Learning Scientific Methods Can Have Lifelong Value

EWA recently held a seminar on STEM education and student skills at the University of Southern California. We asked some of the reporters who participated to contributes posts from the sessions. Today’s guest blogger is Lillian Mongeau of Ed Source. You can find out more about STEM education on EWA’s topic pages. 

Twenty-six states across the country have adopted new standards in science that call for hands-on lessons meant to develop student understanding of the key concepts of scientific exploration.

Rather than outlining what facts students must know, the Next Generation Science Standards set the bar for what students must be able to do, said Helen Quinn, particle physicist and chair of the Board of Science Education for the National Research Council. Understanding how to design an experiment or draw conclusions from a set of evidence requires that students actually try to do those things, she told a gathering of education journalists at the second annual EWA seminar on STEM education.

“You cannot learn to argue from evidence by being told how to do it,” Quinn said. “You have to do it yourself. You cannot learn how to analyze data without getting some data to analyze yourself.”
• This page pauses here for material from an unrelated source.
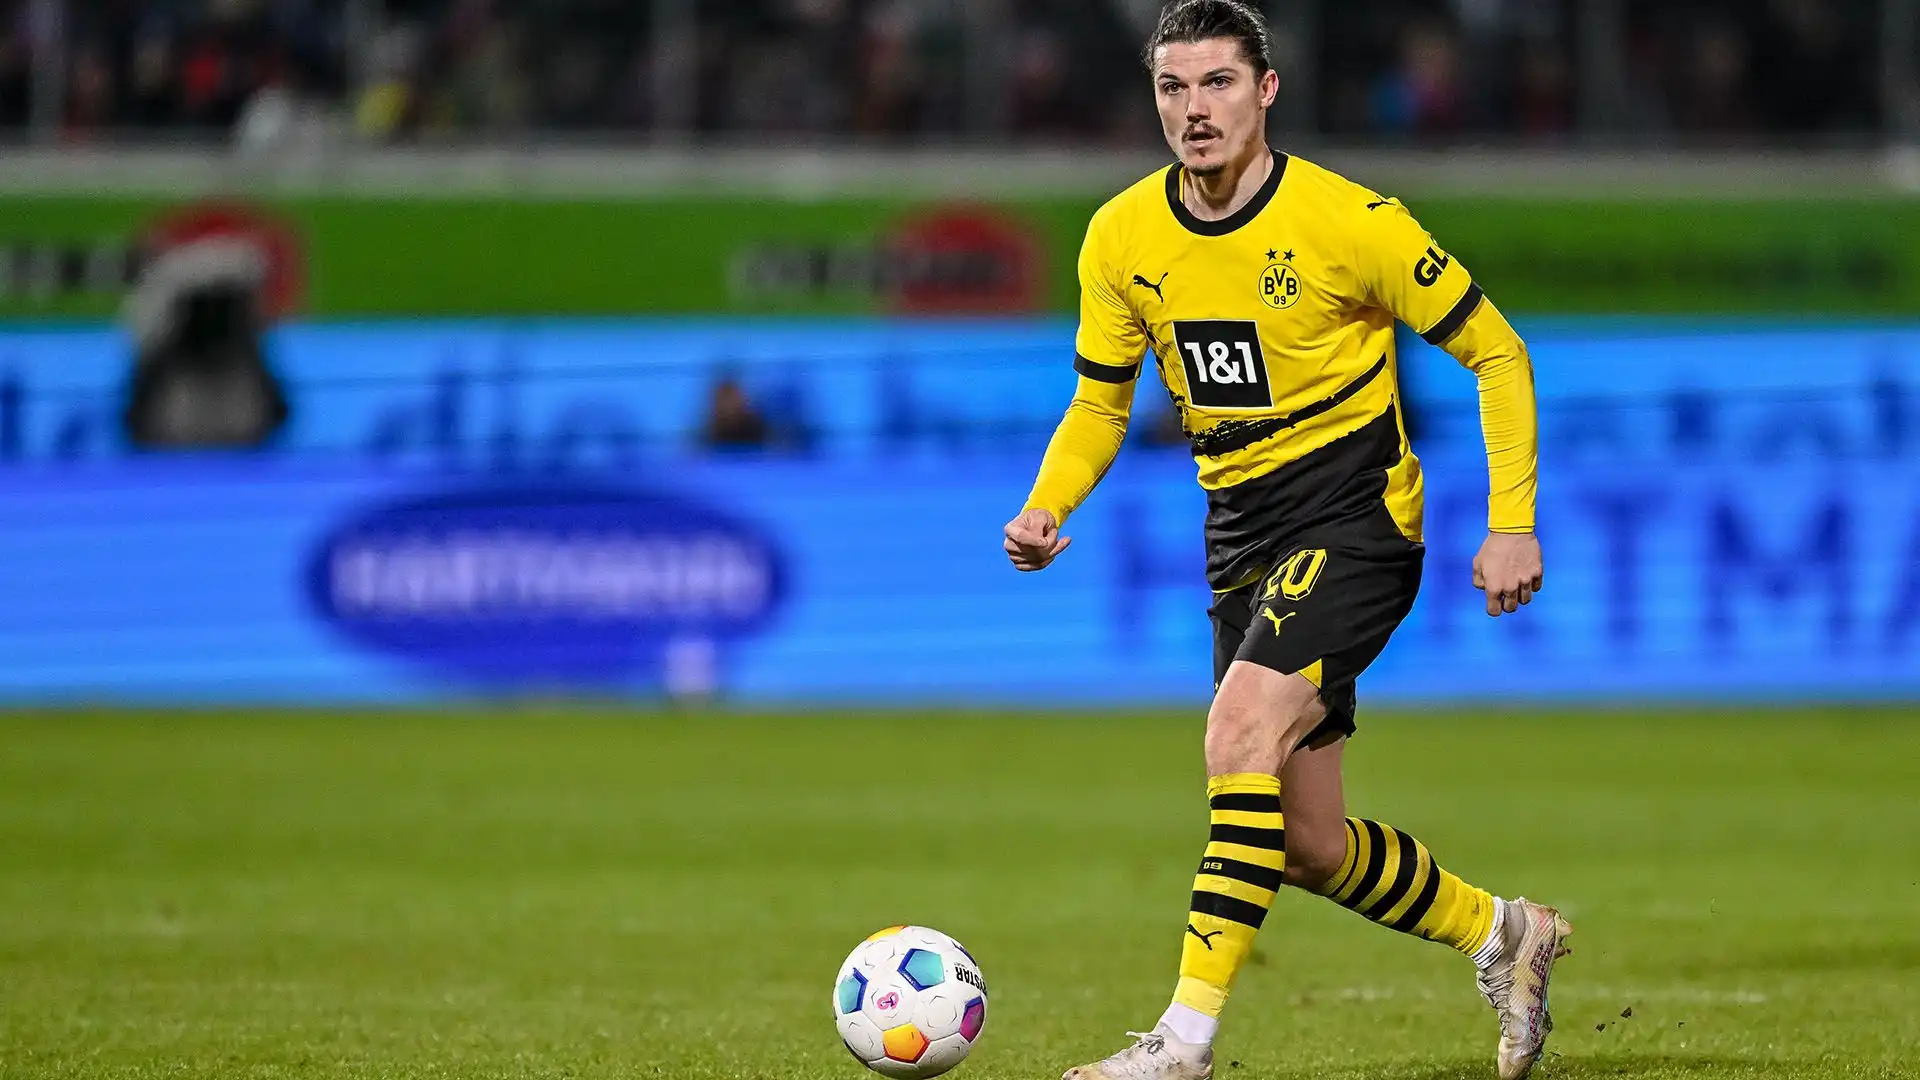 Il Borussia Dortmund potrebbe convincersi a venderlo per la giusta offerta: non è incedibile

Todd Ullah, director for science for Los Angeles Unified School District, said district leaders and teachers in states like his where the new standards had been adopted were working to change instruction methods to better help children meet the new requirements. In many urban schools, a growing focus on math and English has crowded out science instruction, leaving a gap in knowledge among teachers, said Ullah, who sat on the same panel as Quinn.
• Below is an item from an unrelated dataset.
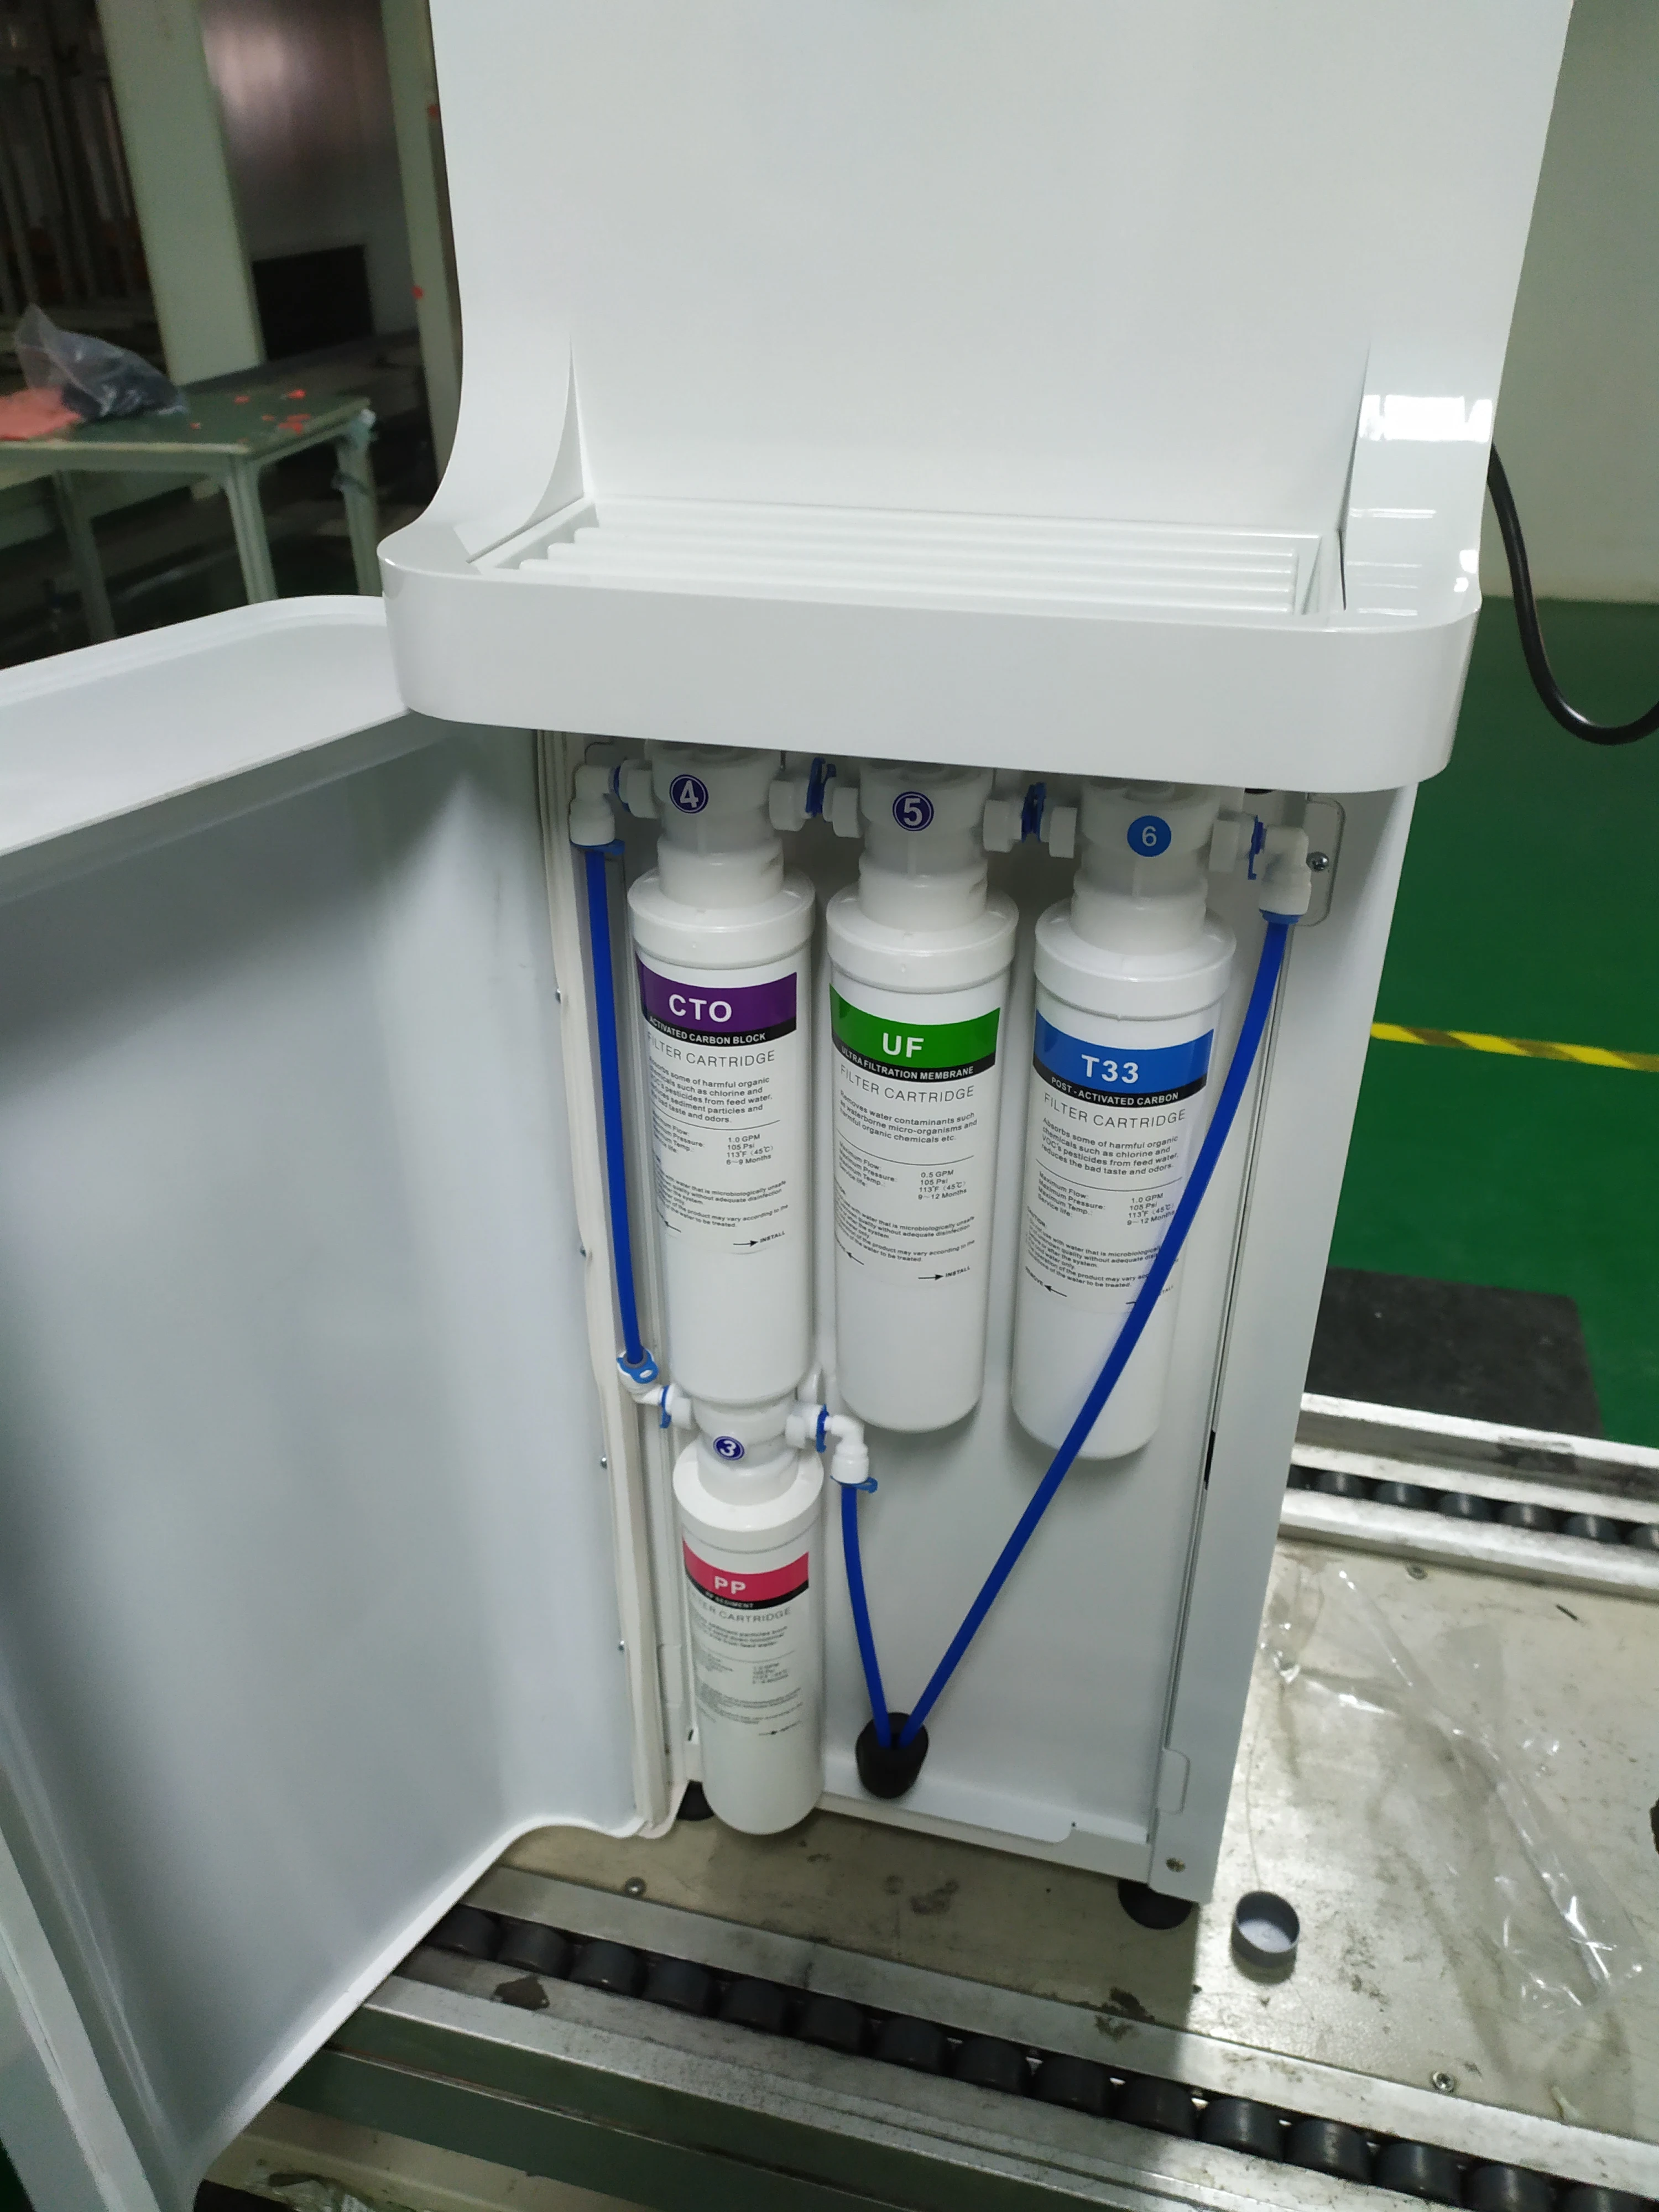 
Generador de agua atmosferica atmospheric air water generator from air machine

“It will be key that we build leadership capacity, especially for science teachers,” he said.

To make the new standards a reality for all students in Los Angeles will take some work, Ullah said. Some groups of teacher, like elementary school teachers, have had very little science instruction support in recent years. In addition to preparing teachers to lead lessons that will help students meet the new standards, the school district needs to address the issue of facilities and supplies, Ullah said.
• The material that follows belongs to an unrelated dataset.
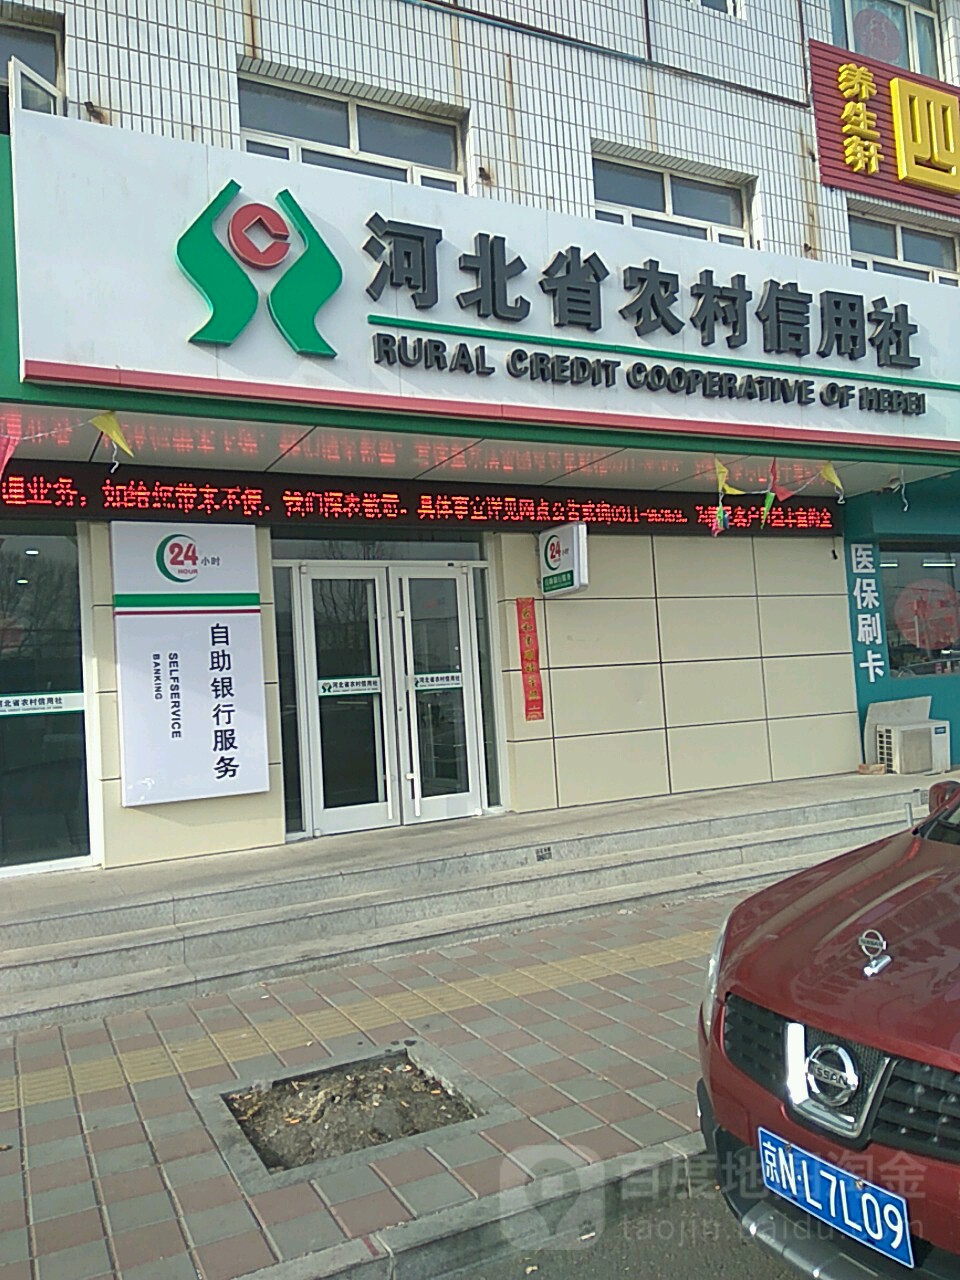 河北省農村信用社24小時自助銀行服務

School districts are also working on the problem of how to assess students. Figuring out how to test students’ ability to perform tasks, rather than answer multiple-choice questions, is a challenge, Quinn said.

“You can’t measure (how well students have met the new standards) by asking if they know it, you have to ask them to do something,” Quinn said. “That is the assessment problem.”

Though states have yet to crack the code on how to test a large number of students on a performance task, Quinn said she thinks they’re headed in the right direction.

“We have to get beyond multiple choice because that’s not what they need to know in the real world,” Quinn said.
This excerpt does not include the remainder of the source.